導入は海外が先行――モスクワのBBサービスを支える高速PLC:「エンタープライズPLC」のススメ(3/3 ページ)
国内では始まったばかりのビル内PLCだが、海外での導入事例は珍しくない。ここではビル、工場内などの企業向け高速PLCにフォーカスして、ロシアでの実用例を紹介する。
ロシアでの適用事例
ロシアでは、局舎との距離の問題、電話線の品質の問題などによってADSLが普及するには至っておらず、ブロードバンド化は進んでいない。そこで、PLCシステムインテグレーターのElectroCom社が現地通信会社と組み、2005年3月にブロードバンドサービスとしてPLCサービスを始めた。これは、200Mbps PLCモデムを用いた、世界で初めての商用サービスである。
ロシアの場合、ビルの屋上に平行2線の有線ラジオ網が張り巡らされている。これは1930年代に全ロシアに敷設されたものだが、現在はほとんど使用されていない。
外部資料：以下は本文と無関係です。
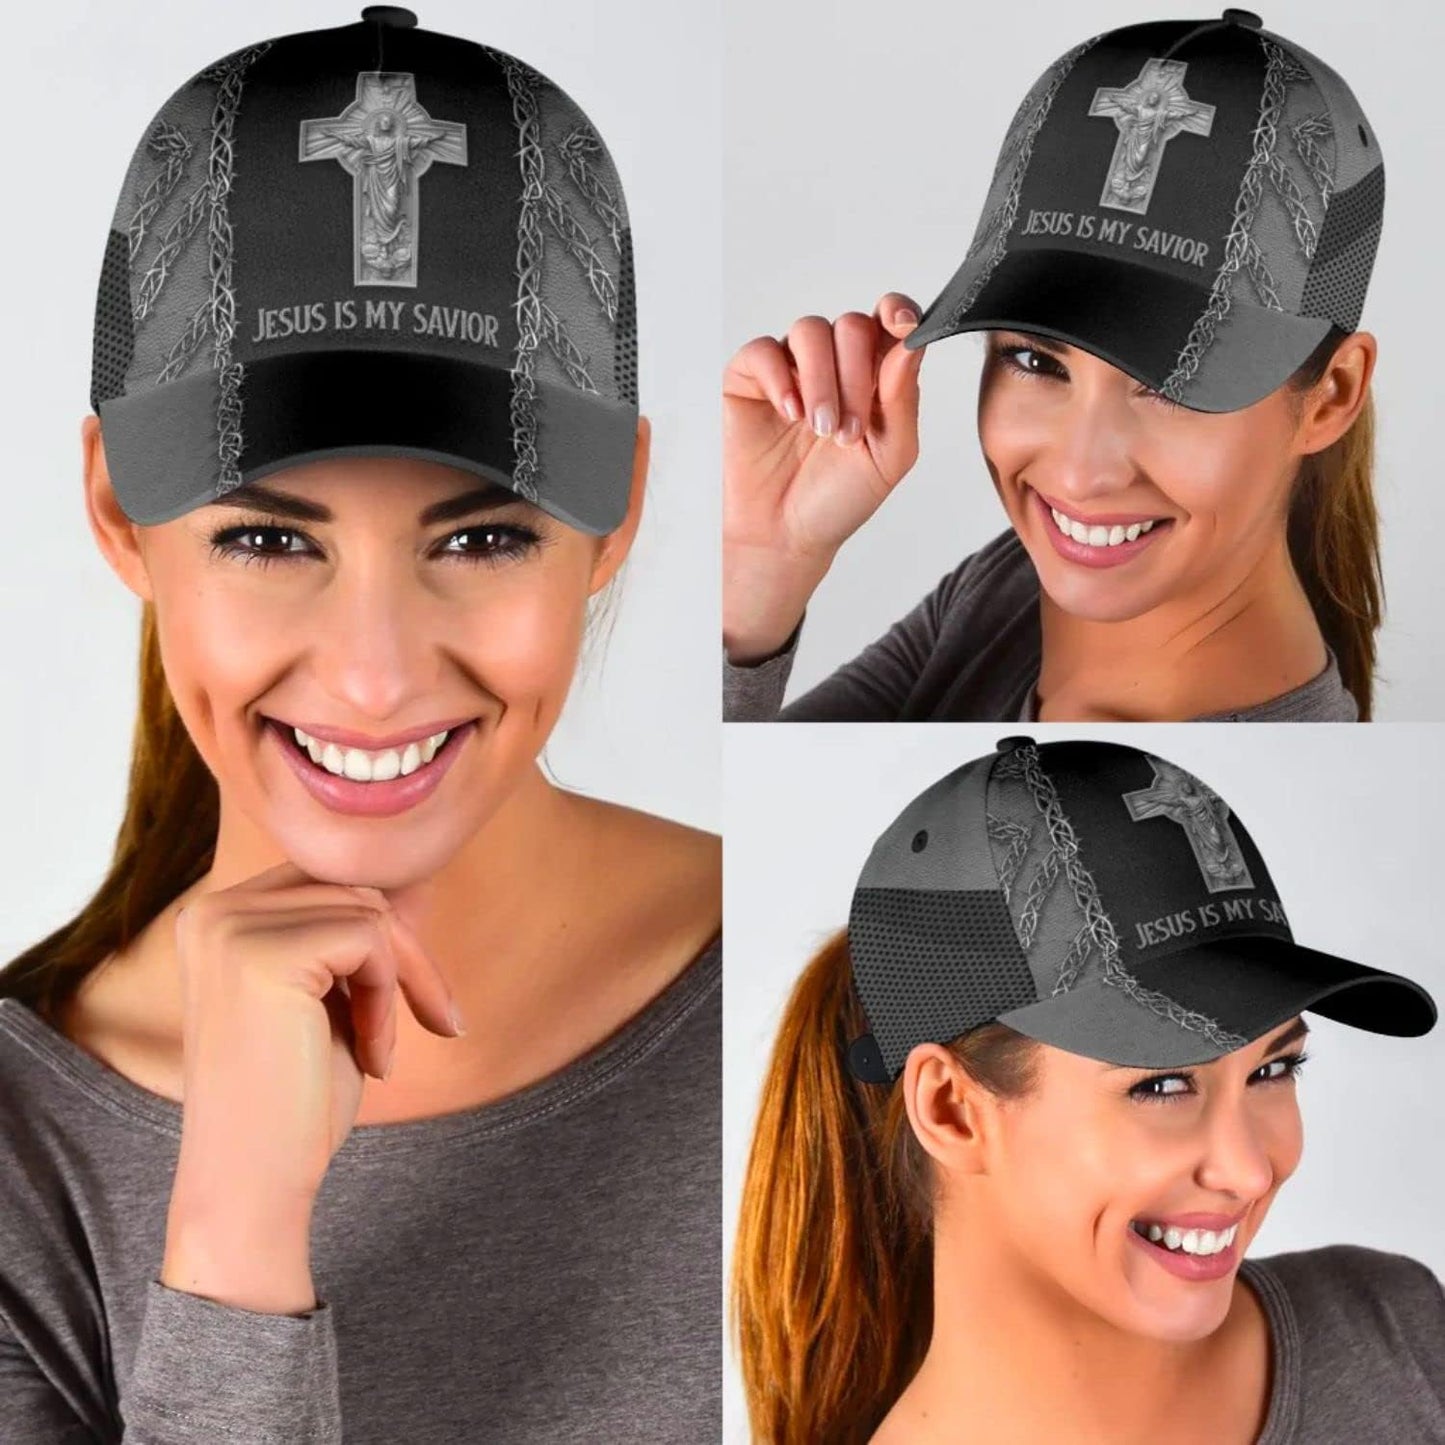 Jesus Is My Savior Cross Baseball Cap - Christian Hats for Men and Women

ビル間通信はPLCモデムを用いた有線ラジオ線上で行い、またビル内は電力線を用いた通常のPLC通信を行うことによって、ブロードバンドサービスを可能にした。
図5に示すように、ビル屋上に設置された親機(HE:ヘッドエンド)からの信号は有線ラジオ線に伝送され、各ビルの最上階に設置された中継機(REP:リピータ)で中継されてビル内の電力線に注入される。ビル内の電力線は各部屋までつながっており、それぞれのコンセントから子機(CPE:Customer Premise Equipment)にPLC信号が伝送される。
また、子機からの信号はこの反対の経路で親機に伝送され、上位のネットワークに到達する。各CPEからの信号は電力線を通してほかの部屋にも漏れる恐れがあるため、VLAN(仮想LAN)を設定して居住者の子機間が通信してしまわないよう工夫している。
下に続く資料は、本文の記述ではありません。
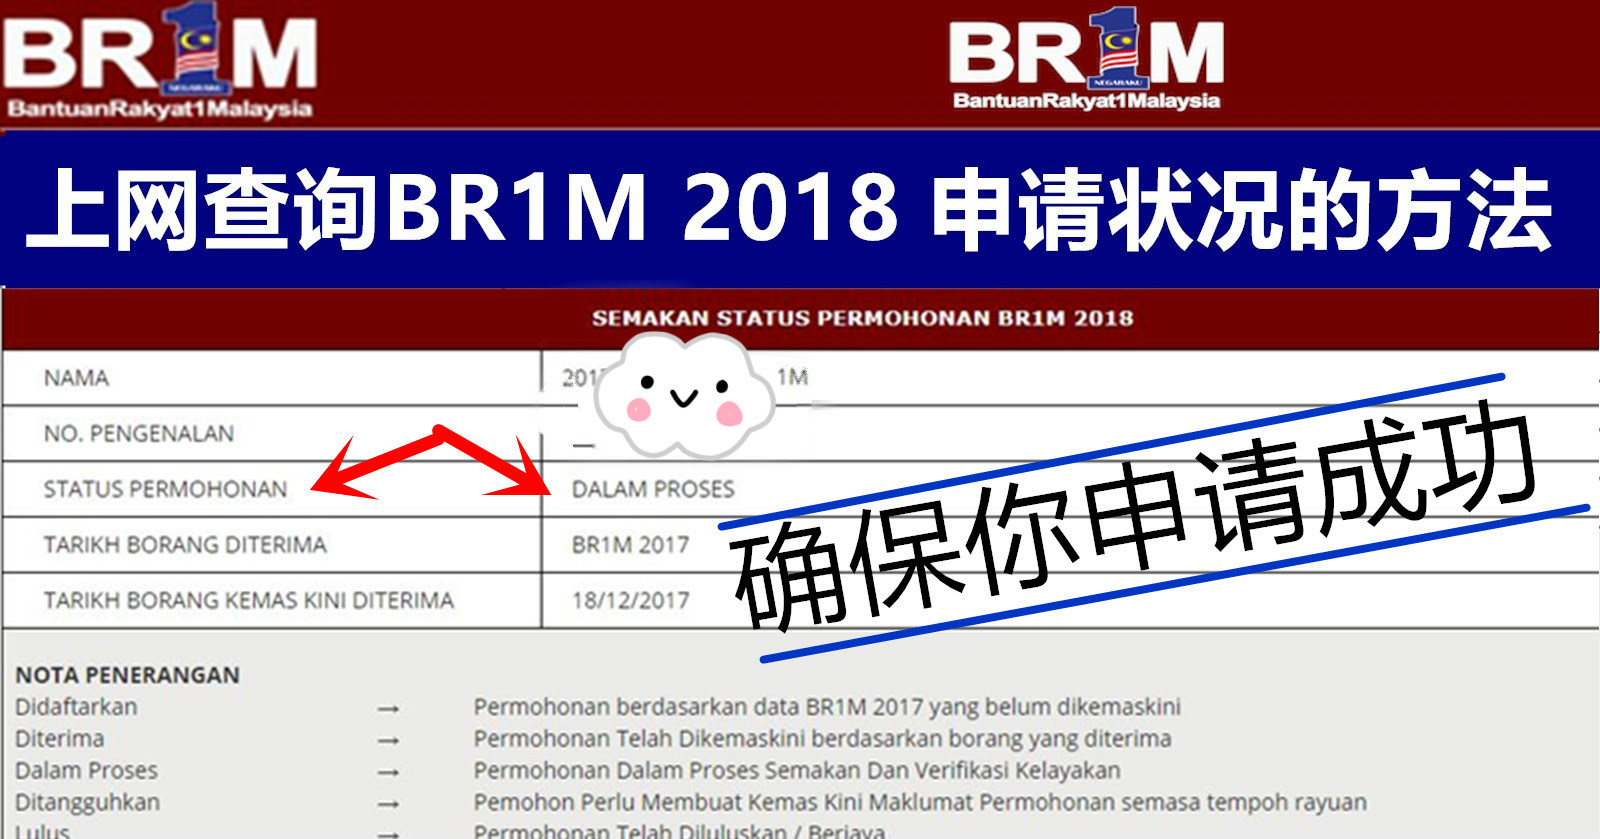 Br1m Check Status Permohonan - Modif D

本システムでは各戸に1Mbpsのブロードバンドサービスを実現した。また、インターネットとVoIP(Voice over IP)のサービスをモスクワで提供しており、サービスは周辺都市にも展開されている。
PLCはビル、工場などの企業向け用途のほかにも、通信ケーブル敷設工事の伴わない簡易なネットワーク構築方法としてさまざまな分野への応用が期待されており、海外では数年前から実用化が始まっている。
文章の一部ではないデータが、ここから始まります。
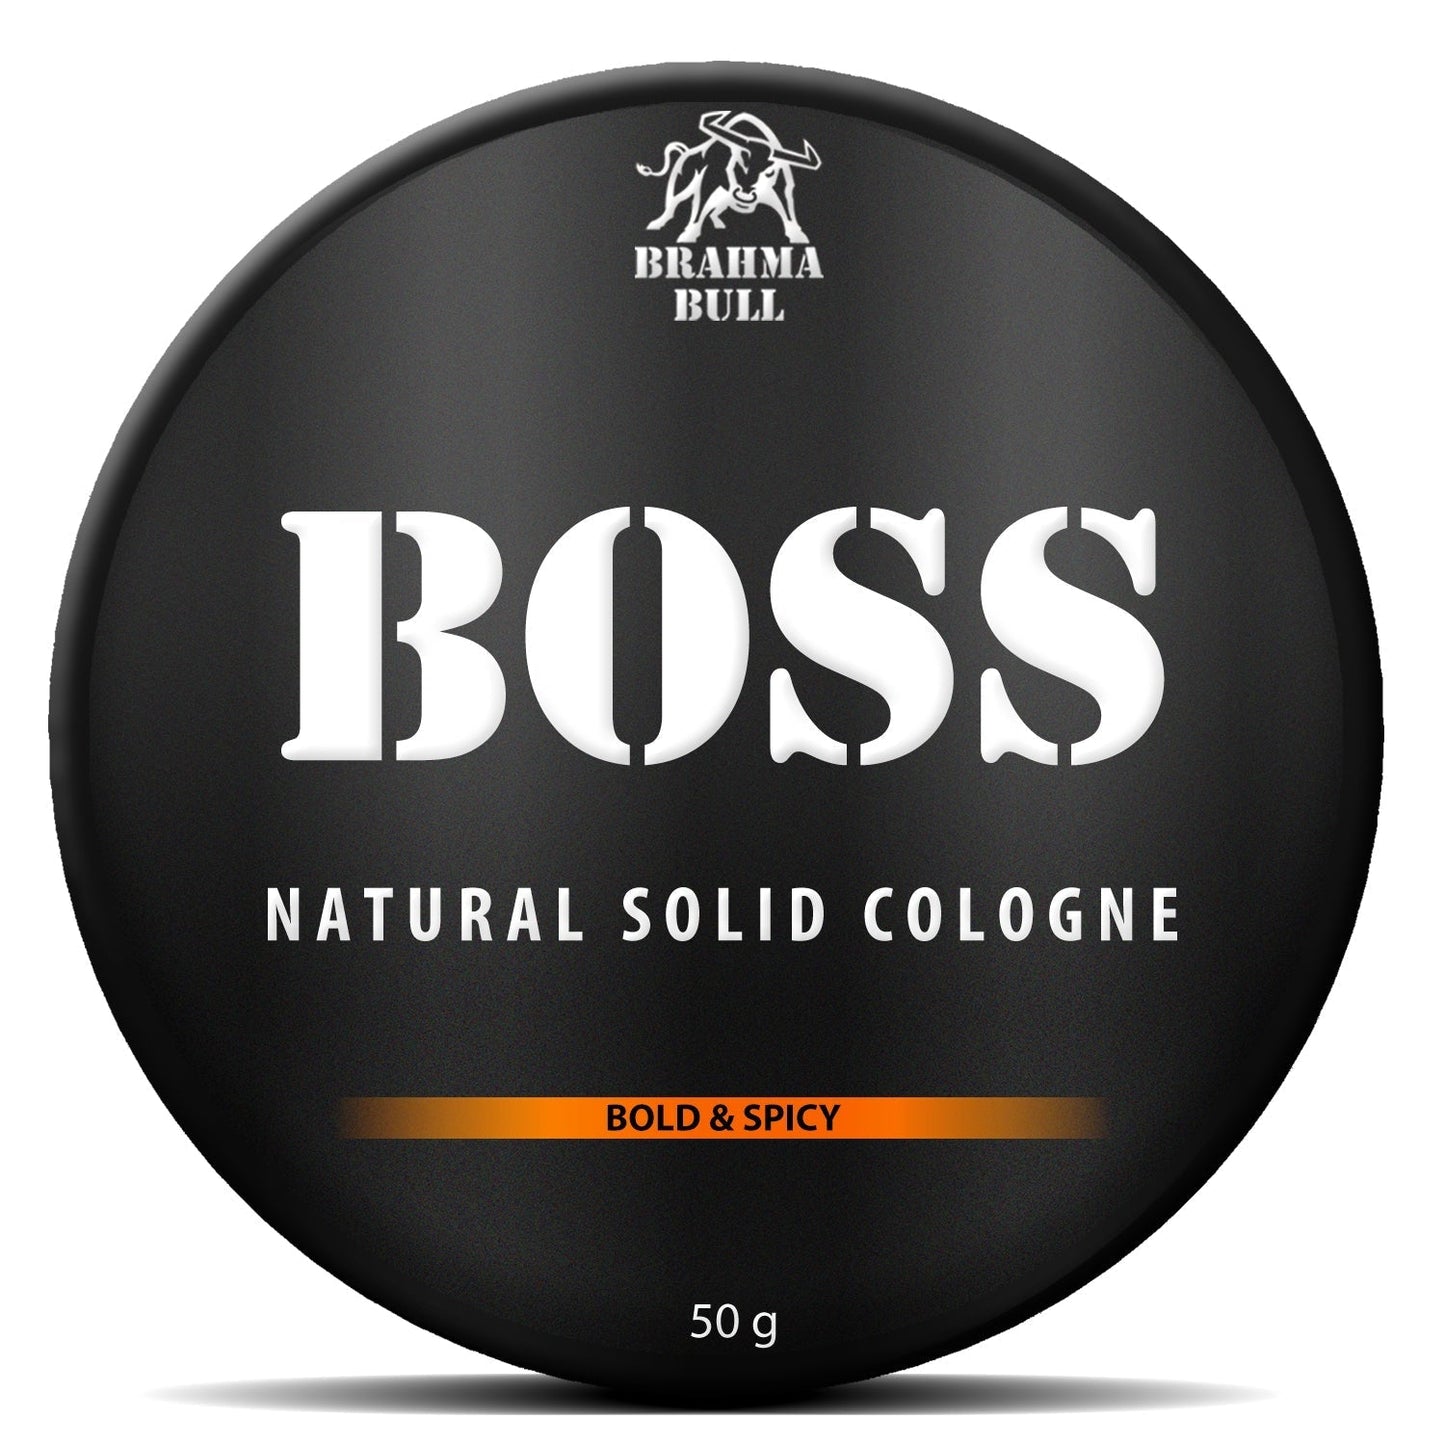 BOSS Natural Solid Cologne - Brahma Bull - Men's Grooming

しかし国内では、2006年10月の省令改正まで漏えい電界低減のための実験でしか利用が認められていなかったため、PLCを用いてどのようなサービスが可能か、十分に検証されているとはいえない。とにかく、これらの分野で早急に実績を積み重ねて、技術的に問題が生じないこと、LANケーブル敷設の代替手段としてコストメリットがあることを実証した上で、国内においてもPLCでさまざまなアプリケーションが広がることを期待したい。